What works, in what order.

Lever 1: True-up cleanup

Before any other work, close the Effective Licensing Position. Open compliance gaps cap the leverage on every other lever — a renegotiation conducted with an unresolved Oracle or Microsoft compliance gap delivers the gap as a renewal-priced exposure rather than as a negotiation lever. Typical savings range: 2-7% of software portfolio, by avoiding latent over-purchase that was paid for during prior true-ups. The work runs 30-90 days against material vendors and produces the entitlement baseline every subsequent lever depends on.

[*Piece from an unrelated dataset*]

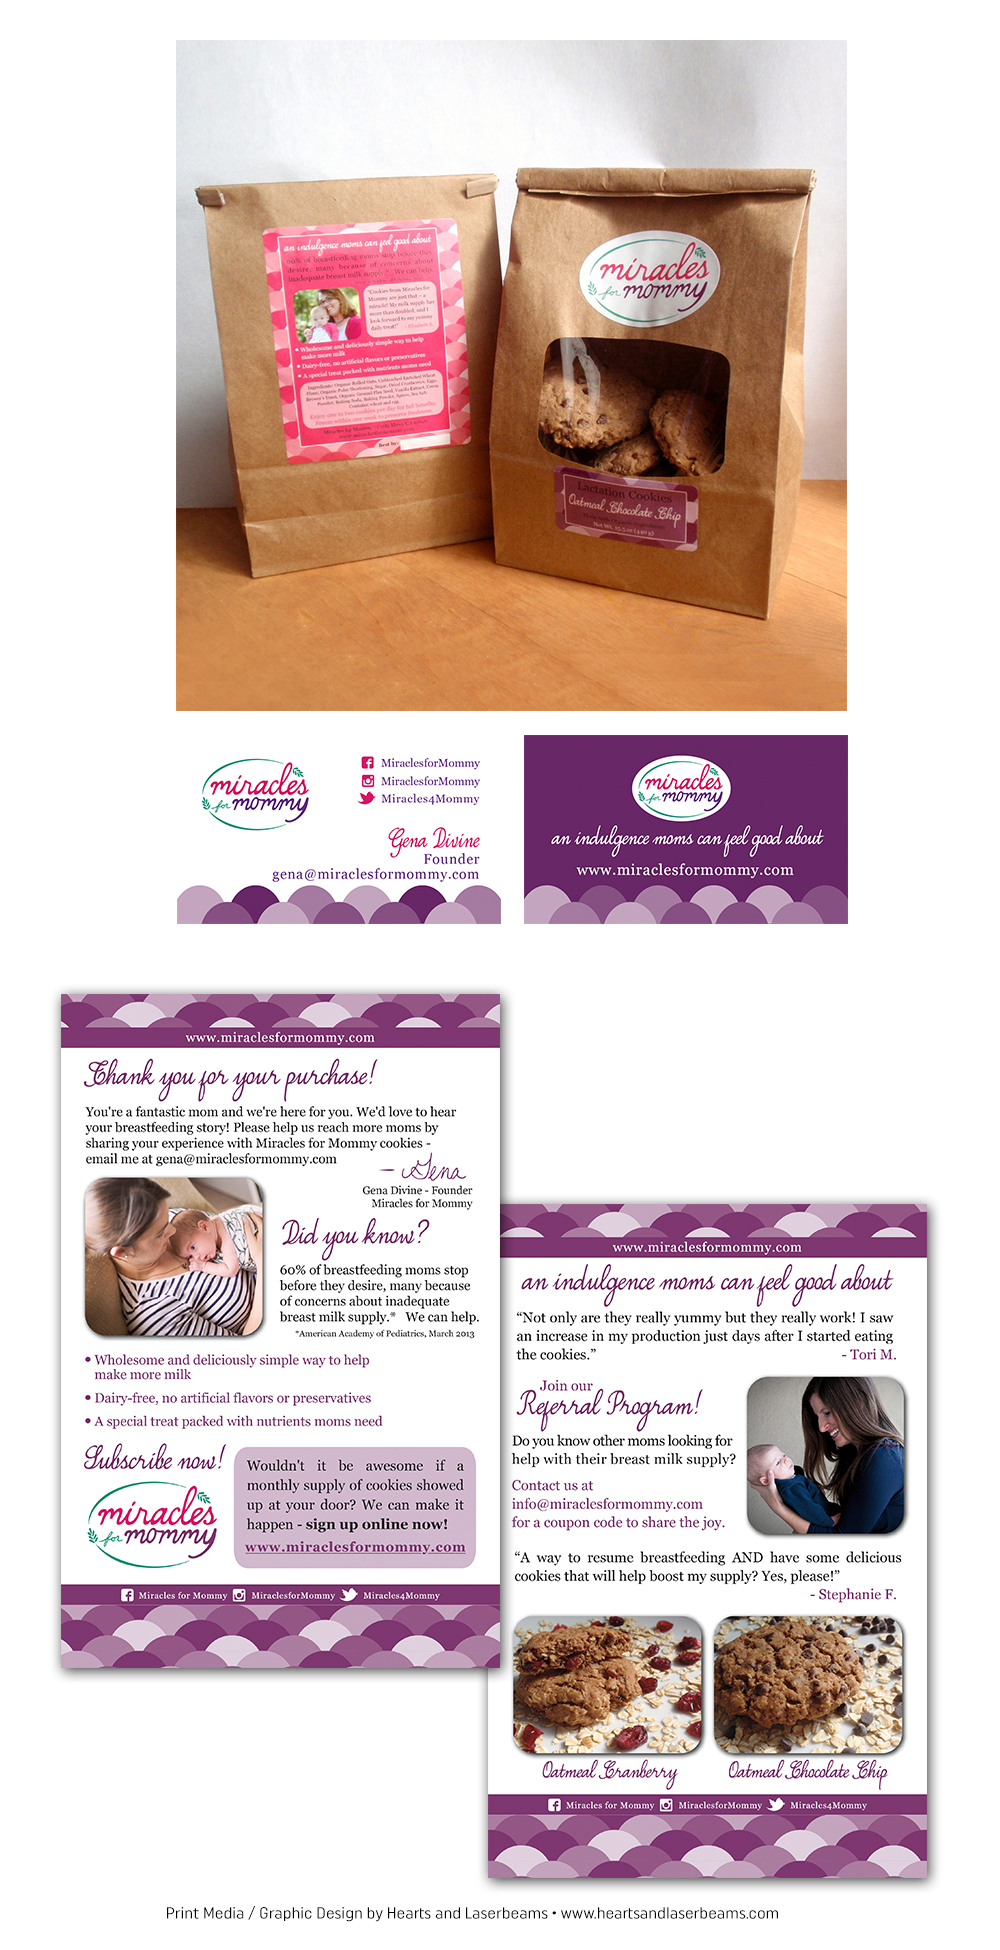 Print Media - Graphic Design Portfolio - Packaging Label Design and Postcard layout for Miracles for Mommy by Hearts and Laserbeams

Lever 2: Consumption optimization

Right-size deployments against actual usage. Identify users who are licensed at E5 but only consume E3 capability; identify Oracle Database options that are licensed but never enabled in production; identify Salesforce seats that have not logged in for 60 days; identify cloud reserved-instance commitments that no longer match workload patterns. Typical savings range: 10-25% of software portfolio. The work runs 90-180 days and requires both consumption data and the political discipline to actually pull licenses from end users.

Lever 3: License rationalization

Identify and retire shelfware — licenses that no business unit can credibly defend. The work overlaps with consumption optimization but goes further: rationalization includes retiring legacy products, decommissioning workloads, and consolidating tools where the use case has migrated to another platform. Typical savings range: 4-12% of software portfolio. The work runs in parallel with consumption optimization and shares much of the same data infrastructure.

Lever 4: Contract renegotiation

Now — with clean entitlement data, right-sized deployments, and rationalized portfolio — renegotiate. The leverage is materially stronger because the buyer can credibly walk down the commitment, the consumption baseline is defensible, and the vendor cannot rely on growth assumptions that the optimization work has just retired. Typical savings range: 15-30% on renegotiated contracts, weighted to the portfolio.

Lever 5: Architectural consolidation

The longest-cycle lever — collapsing overlapping platforms, consolidating tool categories, retiring fragmented stacks. Architectural consolidation requires capital investment up front and produces savings over 18-36 months. Typical savings range: 6-15% of software portfolio over the medium term. Run last because the optimization and renegotiation work informs which consolidations the financial case actually supports.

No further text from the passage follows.